This article is presented in the following manner. Section 2, describes related work and discusses the 
design challenges of the approximate adder, and section 3 describes the methodology to design approximate 
adders for low-power applications. Section 4 describes the experimental results and section 5 concludes the 


paper. 


2. RELATED WORK 

Despite the massive advancements in varied semiconductor technologies, low-power design 
applications, and power-optimization methodologies, several computing devices, and processing machines 
require high power to handle large-data processing and computations. This problem becomes more 
challenging in the case of mobile and internet of things (loT) devices or battery-oriented systems. Thus, 
several researchers have shown great interest over the years to provide power-handling mechanisms in data 
processing layers, especially for these mentioned devices [22], [25]. Data is gathered from varied computing 
devices from various domains in huge numbers and analysis of those data is challenging. However, 
techniques like data mining, synthesis, and some recognition or analysis applications, error-resistant 
applications are used to understand meaningful data [2]. One of the approaches to handle this kind of issue is 
inexact solutions such as approximate computing. This approach has massively emerged in the last few years 
to minimize high power consumption and enhance system efficiency [26]. This approach can be utilized in 
many areas at varying levels such as in numerous devices, hardware systems, software, programming 
languages, algorithms, design architectures, and circuit designs. This approximate computing paradigm can 
be useful for the development of automated design and assessment. The base of approximate computing is its 
design rules like significance-guided design. This can be extended to a specific level of design based on a 
particular application. 

Due to massive interest from the electronic and semiconductor industries, the approximate 
computing approach has come out as one of the most widely adopted power control paradigms in recent 
years. Thus, a massive number of researchers have provided detailed analyses and studies based on the 
generalized significance-guided design principles with concentrates on fewer resource utilization and lower 
computational complexity. Based on this principle, voltage scaling in CMOS design and logic circuit 
reduction is applied. Providing high supply voltages to the critical circuits can minimize power consumption 
in Probabilistic CMOS VLSI circuits and accuracy management of the most significant bits is also ensured. 
At the same time, the supply voltage is lowered for the least important bits to save power. In approximate 
computing, accuracy may be compromised compared to exact computing but in the least manner. For an 
instance, using a conventional adder, a probabilistic adder is constructed whose supply voltage depends upon 
the level of importance [9]. However, implementation cost can be a massive issue in this approach due to the 
complexity of supply voltage control. Thus, most of the approximate computing circuits are focused on logic 
reduction design and the pruning method can be used to control and implement. 

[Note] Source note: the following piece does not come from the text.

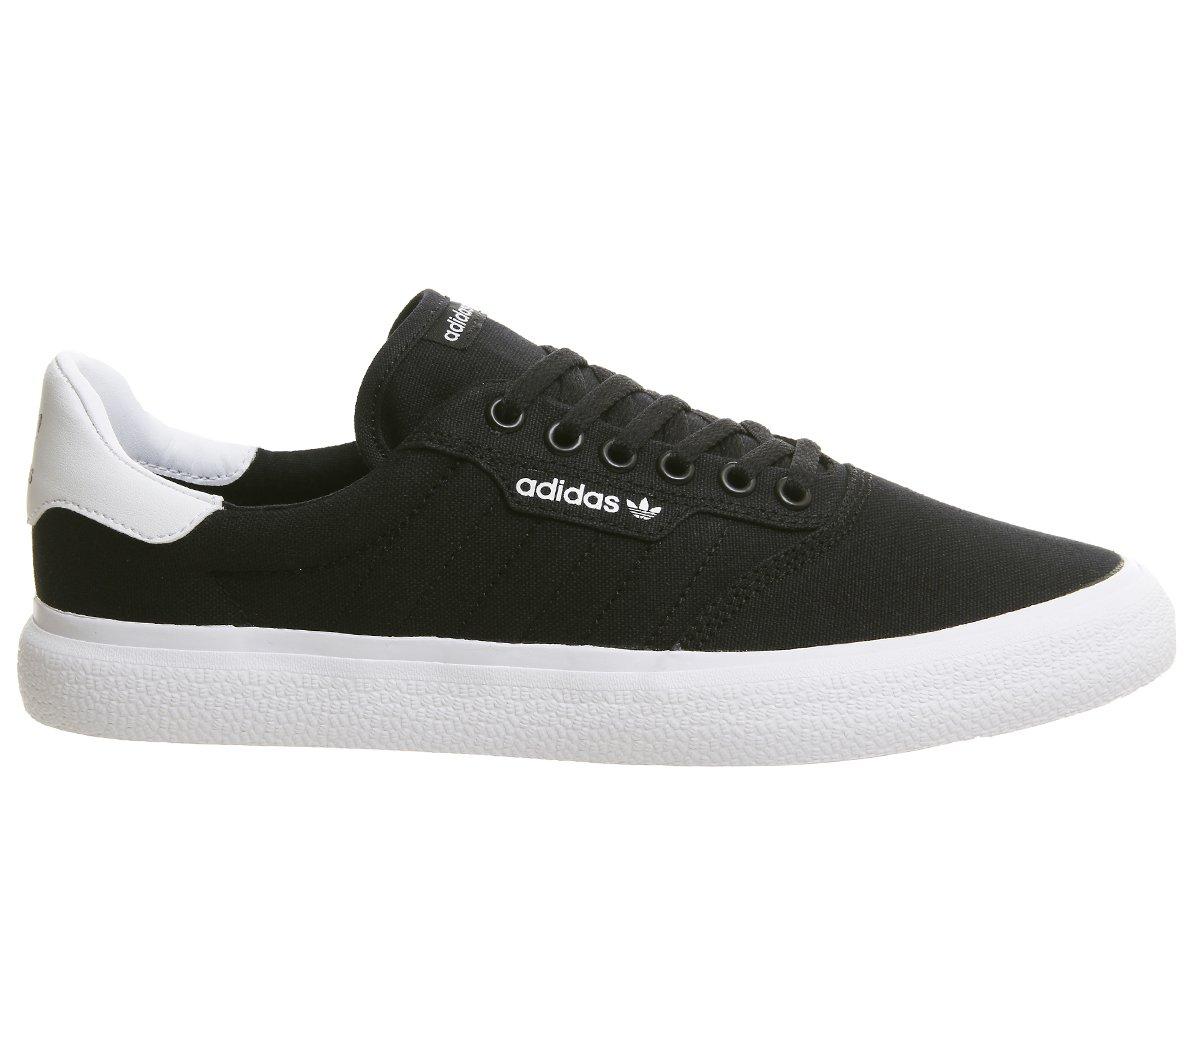 Adidas 3MC Calzado 40 EU|Negro (Negbás/Ftwbla 000) Zapatos de moda en línea Obtenga el mejor descuento de venta caliente-Descuento más grande
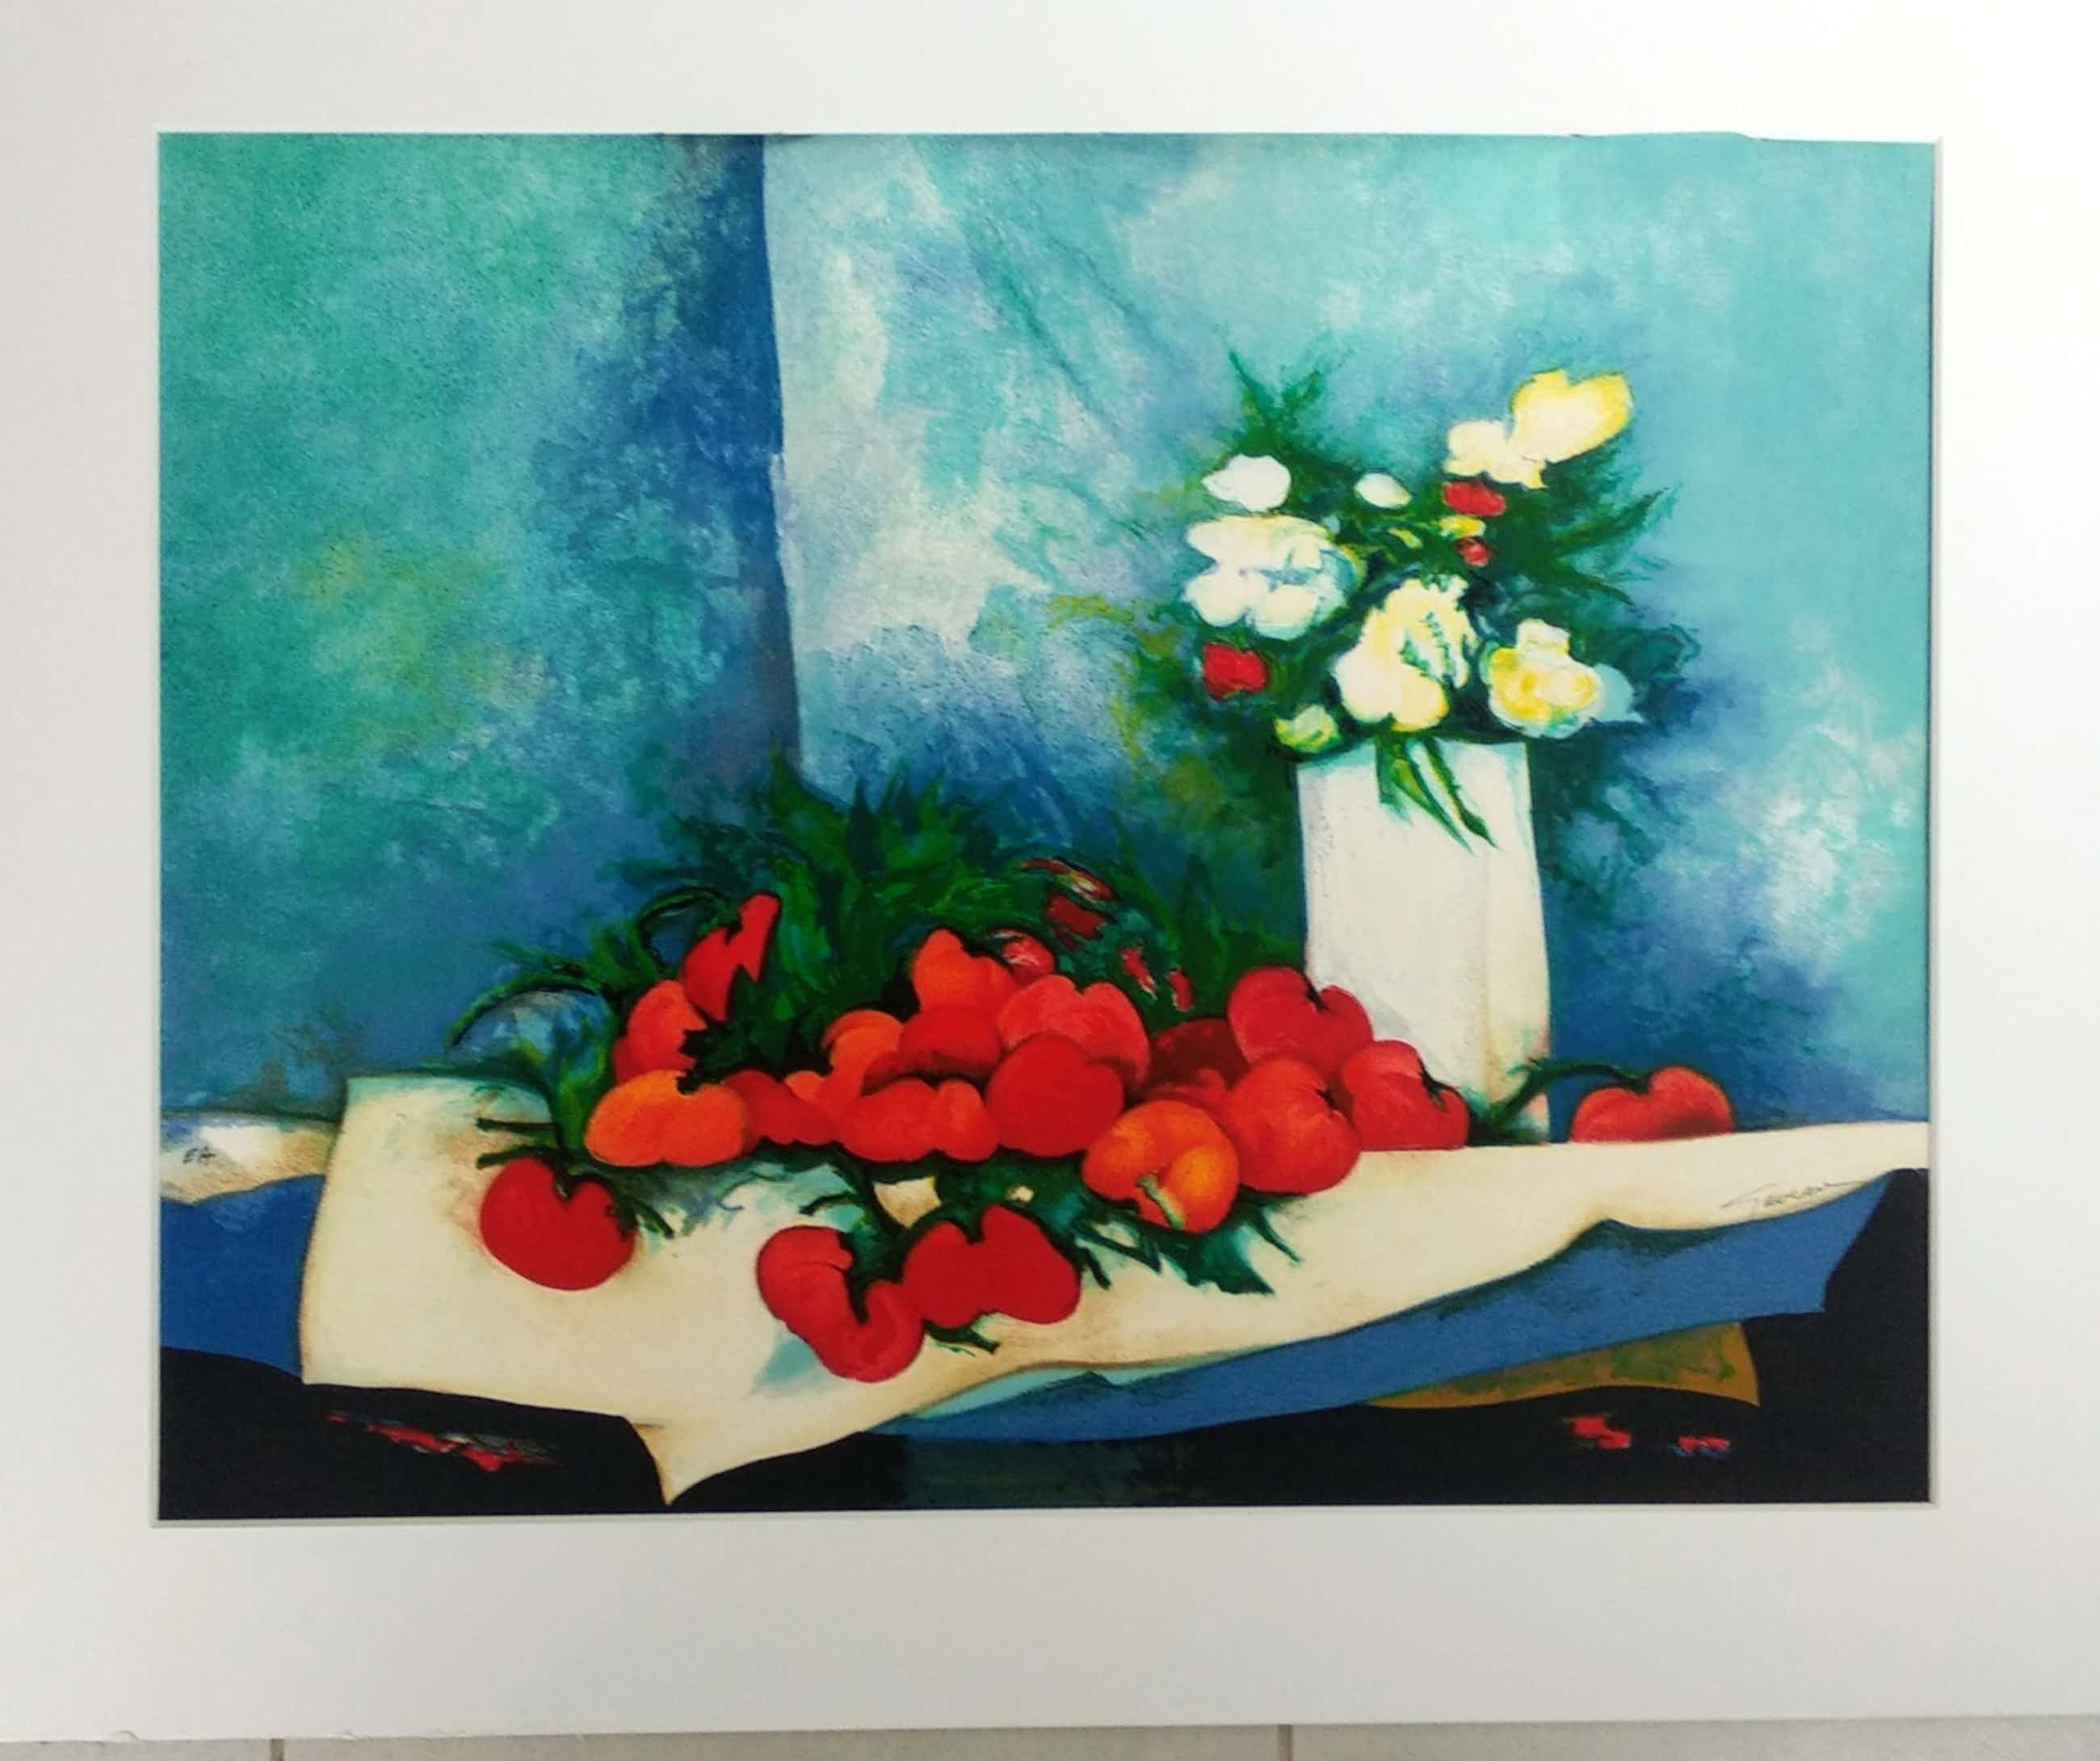 Claude Gaveau - Blumen und Tomaten, Farblithographie kopen? Bied vanaf 130!

Furthermore, floating-point adders have captured large attention in recent years. Liu et al. [27] have 
presented a floating-point adder design to improve critical path delay and enhance the efficiency of image 
processing applications. Camus et al. [28] have presented an approximate floating-point adder for image- 
processing applications by combining an inexact speculate adder approach and gate-level pruning 
methodology to build an approximate multiplier architecture. In this paper, three approximate units are 
presented. This unit utilizes tone mapping to enable high dynamic-range images. Yan et al. [29] have 
presented an approximate floating-point multiplier for the customization of the machine-learning framework 
based on the k-nearest neighbors (KNN) algorithm and this concept is used for the application of handwritten 
digit recognition. The computing processors where large data processing is required, high power is dedicated 
to those processing blocks. The main processing blocks for adder design are arithmetic and logic units 
(ALUs) [30]. Thus, overall power consumption may improve by minimizing the necessary power in an adder 
unit.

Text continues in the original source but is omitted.